For the most part, she has done well enough living outside of an
institution. There are other disabled individuals in her huge tower. Most of the
residents are young and the place has a nice bright atmosphere, a gym, all the
amenities close by. It’s all good – now.
But for the first three months after Mary arrived in the building, she
was the victim of persistent harassment from a neighbour who was overly sensitive
to noise. It began on Mary’s very first morning in the building. The woman
knocked on the door to announce she could hear the phone ringing when the first
day’s shift was arriving. And she said she could hear Mary moaning.
She would knock on the door when we visited. She didn’t want to hear our
voices. She didn’t want to hear anything. She didn’t want to hear Mary. She
actually would stand outside Mary’s door and listen. I stood outside the door
many times and heard nothing. I couldn’t hear Mary, I couldn’t hear a thing.
But the harassment persisted. The least little noise and she’d pound on
the door, scaring the wits out of the caregivers. She complained and complained
to the point where we concluded she had a serious mental illness. Maintenance
was forced to come and put special foam taping around Mary’s door so this woman
couldn’t hear it open or close. We were asked not to talk at the door or in the
hallway as she could hear us saying goodbye or greeting Mary.
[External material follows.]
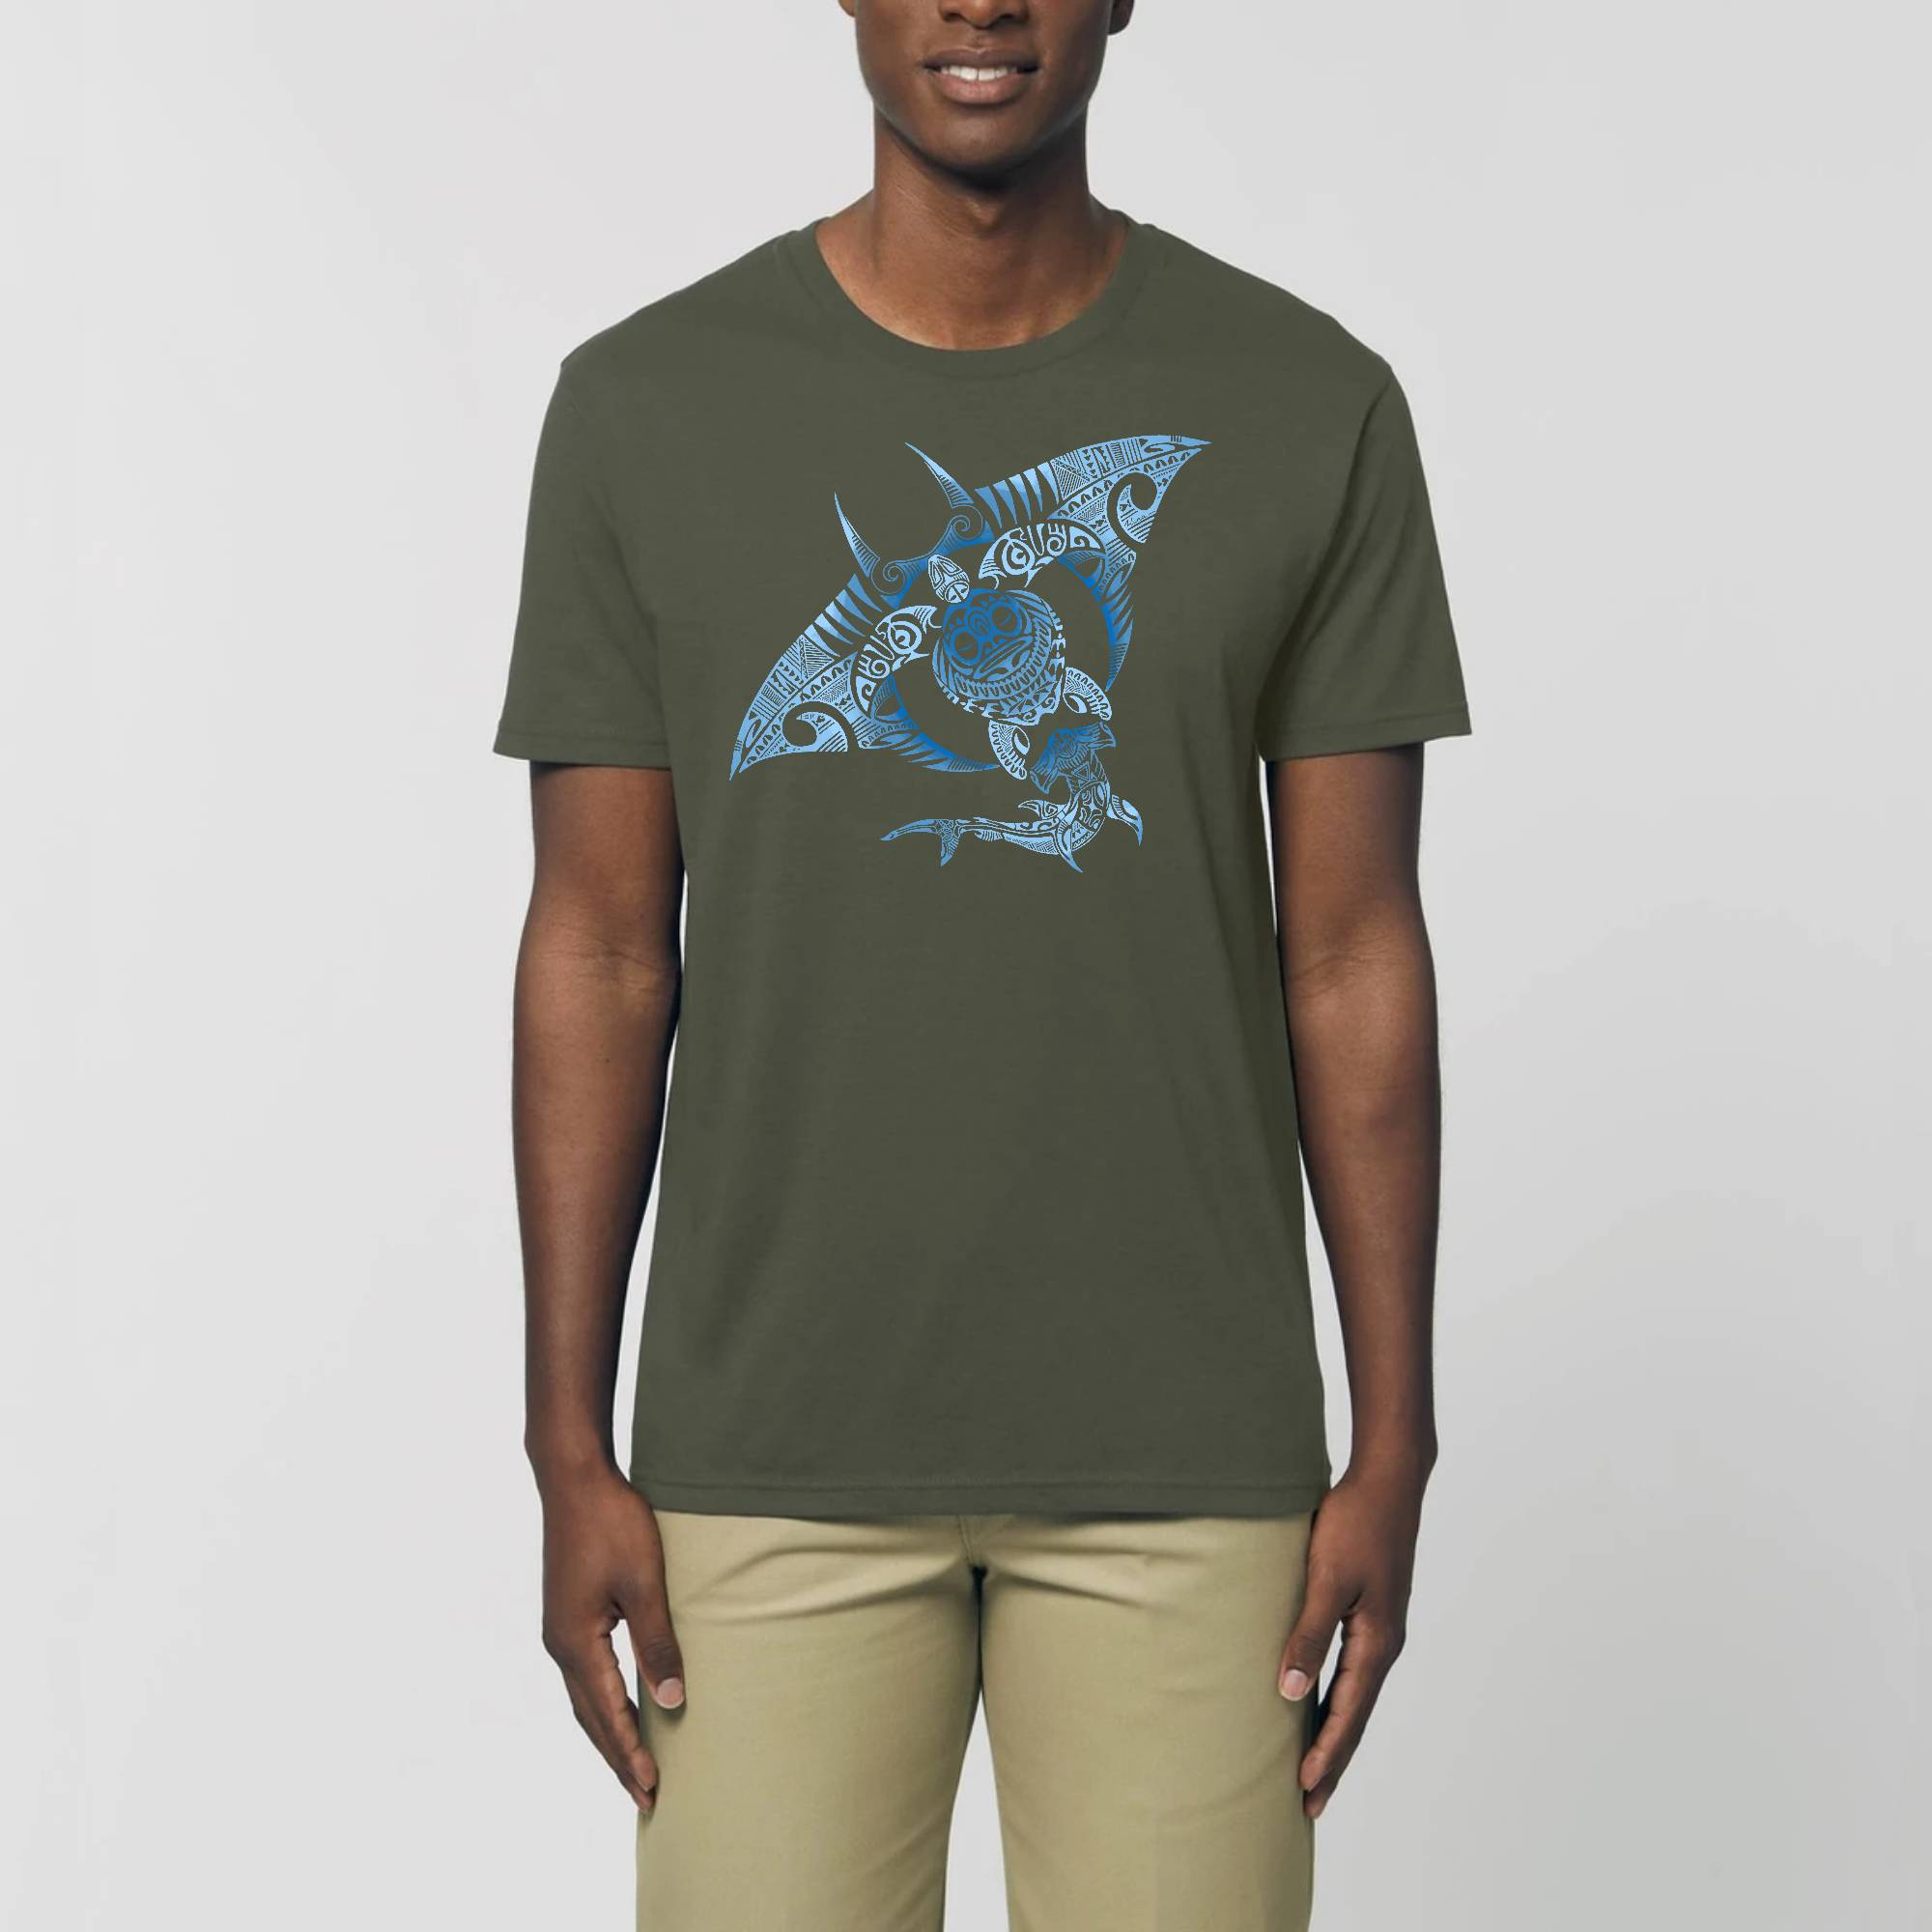 4 Elements Shadows - T-shirt Unisexe Bio ROCKER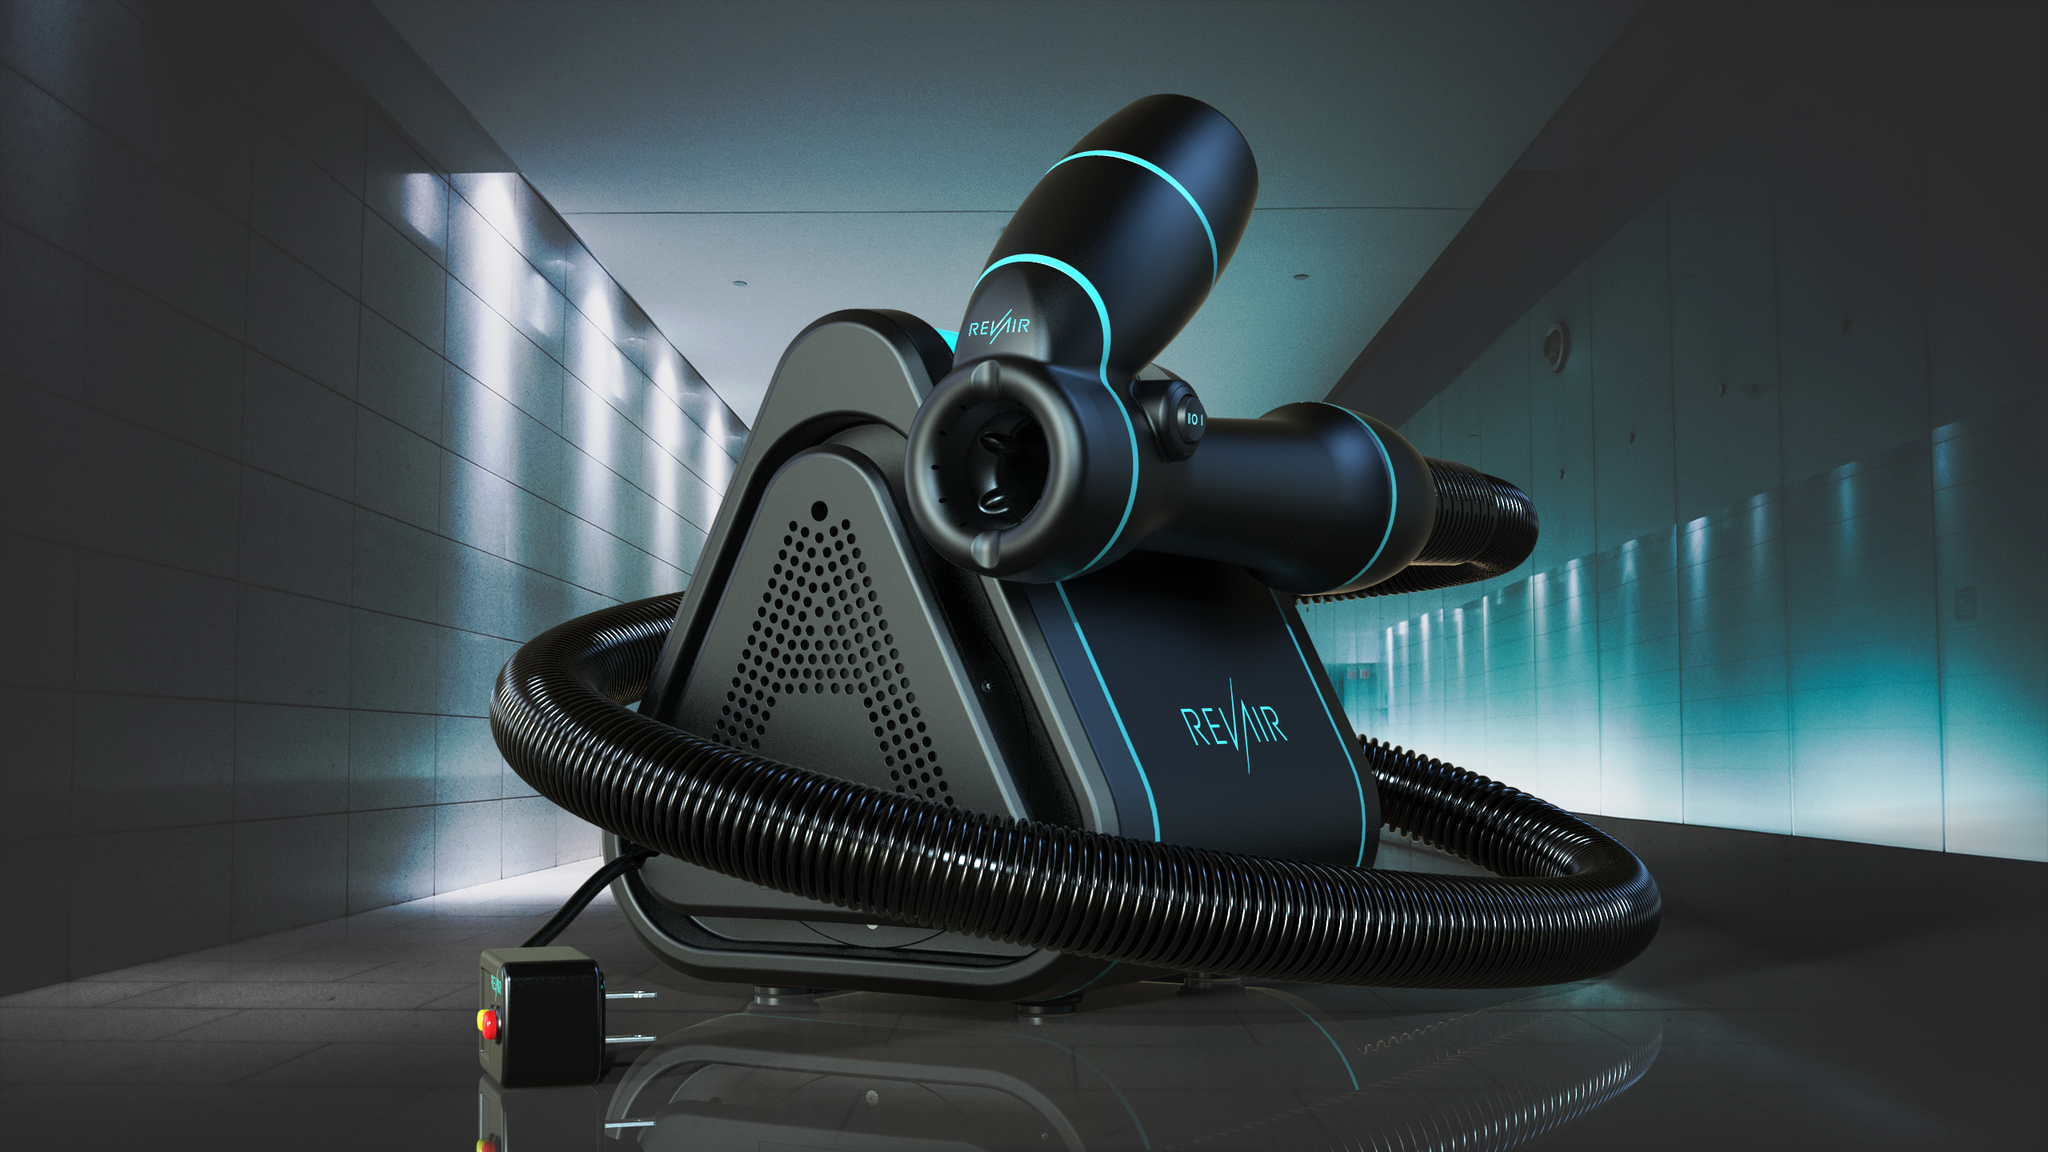 REVAIR reverseair dryer Best hair dryer, Hair dryer, Dryer

She seemed to hate the thought of a disabled young woman living
so close to her.
We wrote notes to management, we expressed our dismay at the behaviour
which they seemed to be condoning.
The final straw came when this woman appeared at the door one day,
pounding and pounding. When the caregiver saw who it was and opened the door a
fraction, the woman shouted that Mary
should be in a nursing home, not in an apartment, that she shouldn’t be living
there at all. Mary heard it all. The woman went completely over the top and
frightened the gentle PSW working the day shift. We had to order the caregivers not to open the door unless someone called to let them know who it was.
Management finally got it and told us
simply that if anyone in the apartment felt threatened, the police were to be
called. It didn't come to that. And in a matter of weeks, the woman was
gone.
What a brutal start to Mary’s freedom.
But it is indicative of the fear people
feel when confronted by disability or illness. It has not been the first
out-there reaction we’ve come across, nor will it be the last. People gape, gawk and stare. They give you a
wide berth, as though Mary is contagious.
And yet – there are many, many who rush to hold open the doors, ask if
you need help, touch Mary’s hand and ask her how she’s doing.
It’s a strange old world and we’re standing on a long, long road. We’re
not out of gas yet, but there are days when we get completely fed up with the
obstacles we’re finding. Ignorant people are some of the worst.